Let \(\mathbf{x}=(1,-2,1,6)\) in \(\mathbb{R}^{4},\) and let \(U=\operatorname{span}\\{(2,1,3,-4),(1,2,0,1)\\}\) a. Compute \(\operatorname{proj}_{U} \mathbf{x}\). b. Show that \\{(1,0,2,-3),(4,7,1,2)\\} is another orthogonal basis of \(U\). c.
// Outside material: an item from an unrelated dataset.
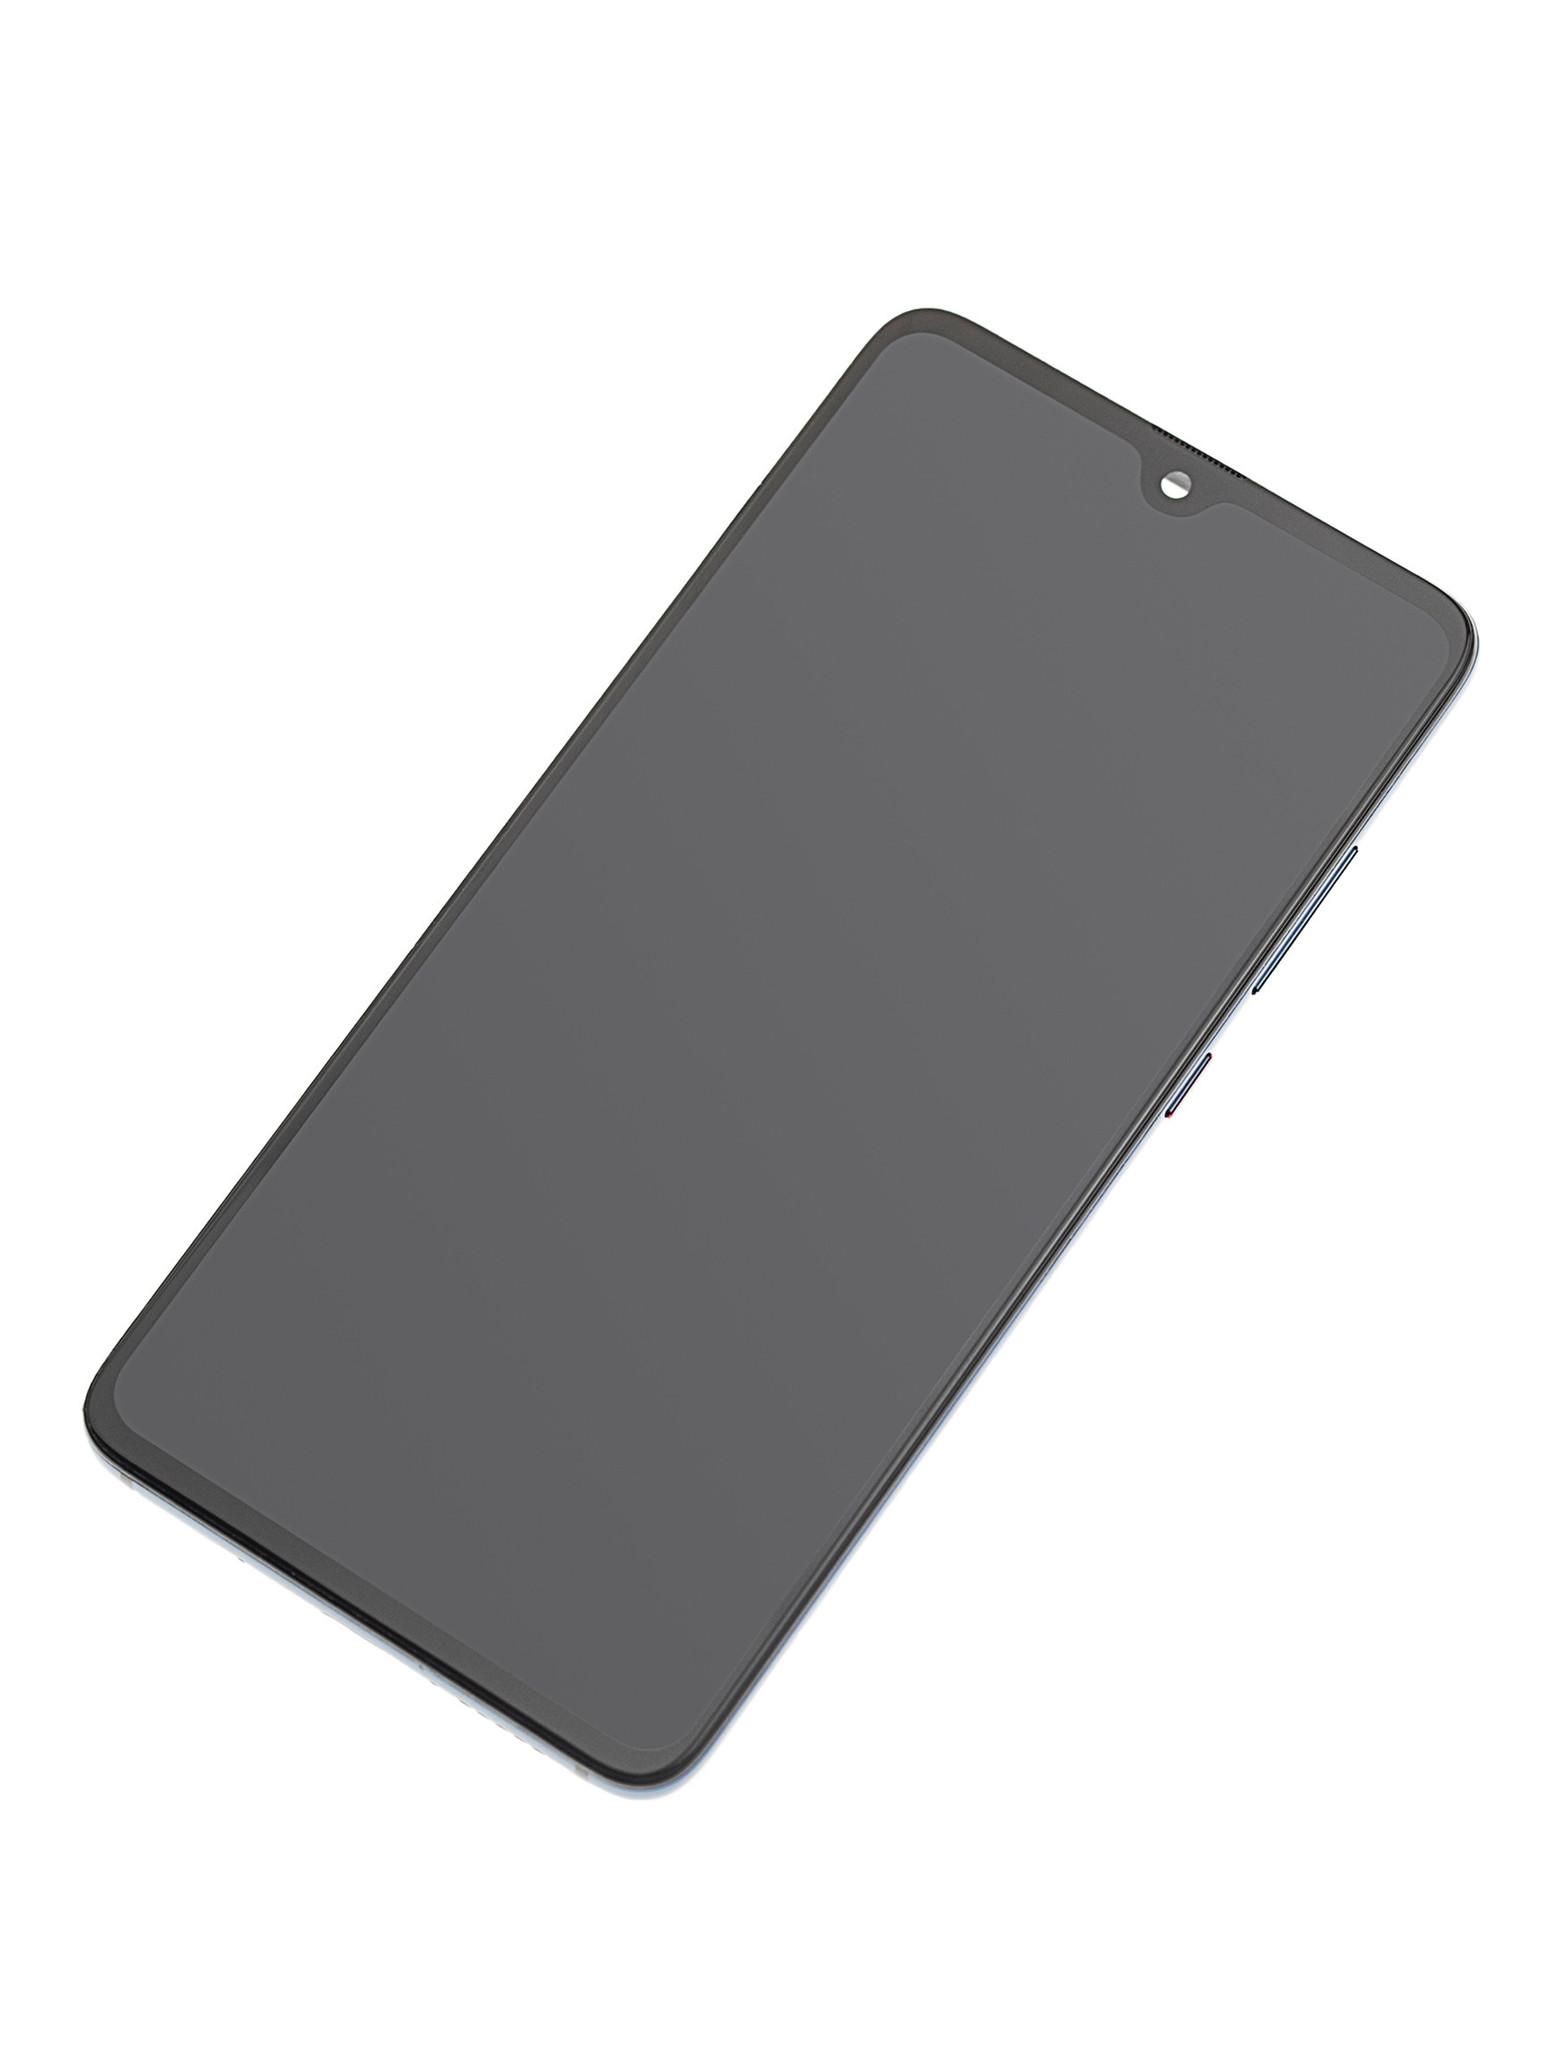 Huawei Mate 20 HMA-L29 Display Module + Frame Blue

Use the basis in part (b) to compute proj \(_{U} \mathbf{x}\).

Short answer

The projections are \([-1/10, 7/15, -7/10, -19/10]\) and \([-297/140, 21/70, -207/140, 336/70]\).

Step-by-step solution

Define the Projection Formula

The projection of a vector \( \mathbf{x} \) onto a subspace \( U \) spanned by vectors \( \{ \mathbf{u}_1, \mathbf{u}_2 \} \) is given by \[ \operatorname{proj}_{U} \mathbf{x} = \frac{\langle \mathbf{x}, \mathbf{u}_1 \rangle}{\langle \mathbf{u}_1, \mathbf{u}_1 \rangle} \mathbf{u}_1 + \frac{\langle \mathbf{x}, \mathbf{u}_2 \rangle}{\langle \mathbf{u}_2, \mathbf{u}_2 \rangle} \mathbf{u}_2. \]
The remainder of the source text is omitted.